You do have this in a case like teaching the theory of evolution.
You have plenty of people who are quite passionate but making an unified decision to teach everyone the theory of evolution, including the parents of children who don't believe in the theory of evolution.
Germany has compulsory schooling. Some fundamental chrisitan don't want their children in public schools. If you discuss the issue with people who have political power you find that those people don't want that those children get taught some strange fundamental worldview that includes things like young earth creationism. The want that the children learn the basic paradigm that people in German society follow.
On the other hand I'm not sure whether you can get a motivation like that from reading the newspaper. Everyone who's involved in the newspaper believes that it's worth to teach children the theory of evolution so it's not worth writing a newspaper article about it.
Is it a secret persecution of fundamentalist Christians? The fundamentalist Christian from whom the government takes away the children for "child abuse" because the children don't go to school feel perscecuted. On the other hand the politician in question don't really feel like the are persecuting fundamentalist Christians.
The ironic thing about it is that compulsory schooling was introduced in Germany for the stated purpose of turning children into 'good Christians".
In a case like evolution, do you sincerely believe that the intellectual elite should use their power to push a Texan public school to teach evolution even if the parents of the children and the local board of education don't want it?
Yeah, when people in power create tools to help them maintain the power, if those tools are universal enough, they will be reused by the people who get the power later.
The trade-offs need to be discussed rationally. The answer would probably be "yes", but there are some negative side effects. For example, you create a precedent for other elites to push their agenda. (Just like those Christians did with the compulsory education.) Maybe a third option could be found. (Something like: Don't say what schools have to teach, but make the exams independent on schools. Make the evolutionary knowledge necessary to pass a biology exam. Make it public when students or schools or cities are "failing in biology".)
Why have governments control exams at all?
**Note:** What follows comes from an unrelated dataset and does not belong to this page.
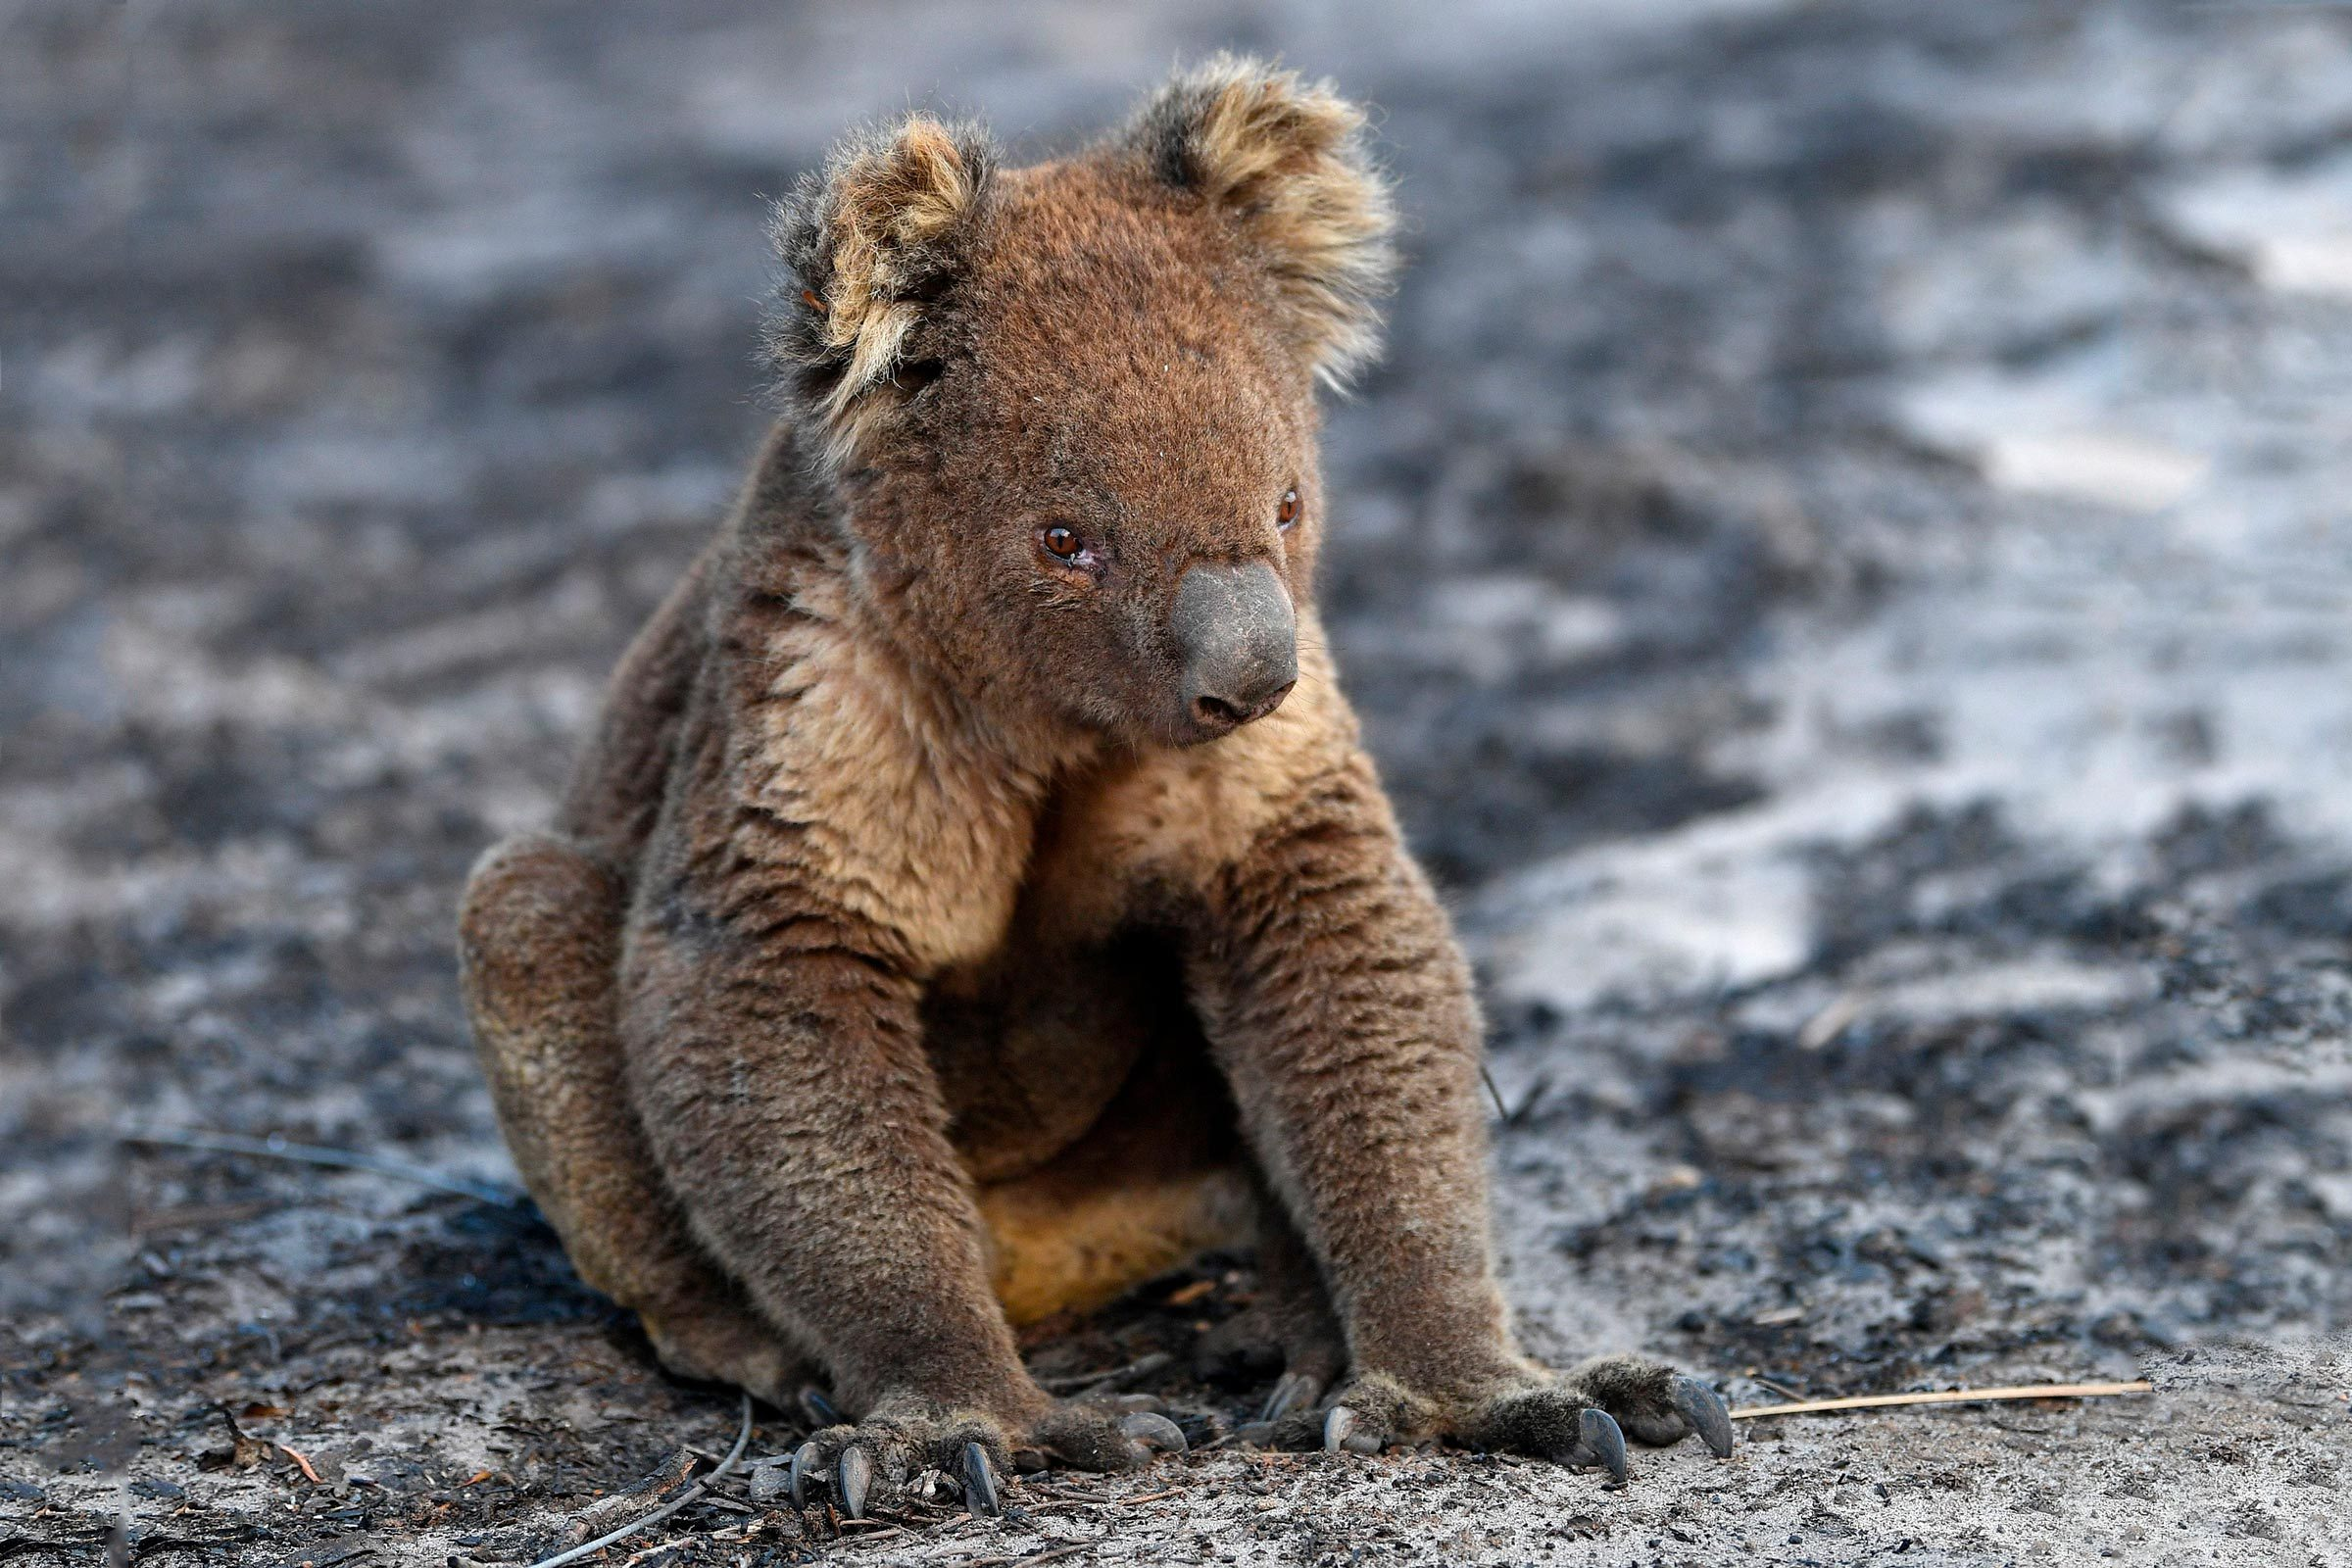 An injured Koala is seen at a forest near Cape Borda on Kangaroo Island, southwest of Adelaide, Australia, 07 January 2020

Have different certifying authorities and employers are free to decide which authorities' diploma they accept.
That could work! On the other hand, it may set up a situation where a person who is only guilty of being raised in the wrong place may never get a decent job. Wonder what can be done to prevent that as much as possible?
And this differs from the status quo, how?
I was under the impression you wanted to improve things significantly. Hence why I mentioned that issue--and it IS an issue.
My point is that a child's parents are more likely to make good decisions for the child then education bureaucrats.
That depends on the parents. Yes, many parents (including mine and, presumably, yours) have the best interests of the child at heart, and have the knowledge and ability to be able to serve those interests quite well.
This is not, however, true of all parents. There's no entrance exam for parenthood. Thus:
An education bureaucrat, on the other hand, is a person hand-picked to make decisions for a vast number of children. Ideally, he is picked for his ability to do so; that is, he is not a total idiot, directly abusive, dead, or missing, and he has a reasonable budget to work with. He also has less time to devote to making a decision per child.
Maybe elites that push their agenda have a much better chance keeping their power that don't? I'm not sure how much setting precedents limit further elites.
Basically you try to make the system more complicated to still get what you want but make people feel less manipulated.
Complicated and intransparent systems lead to conspiracy theories.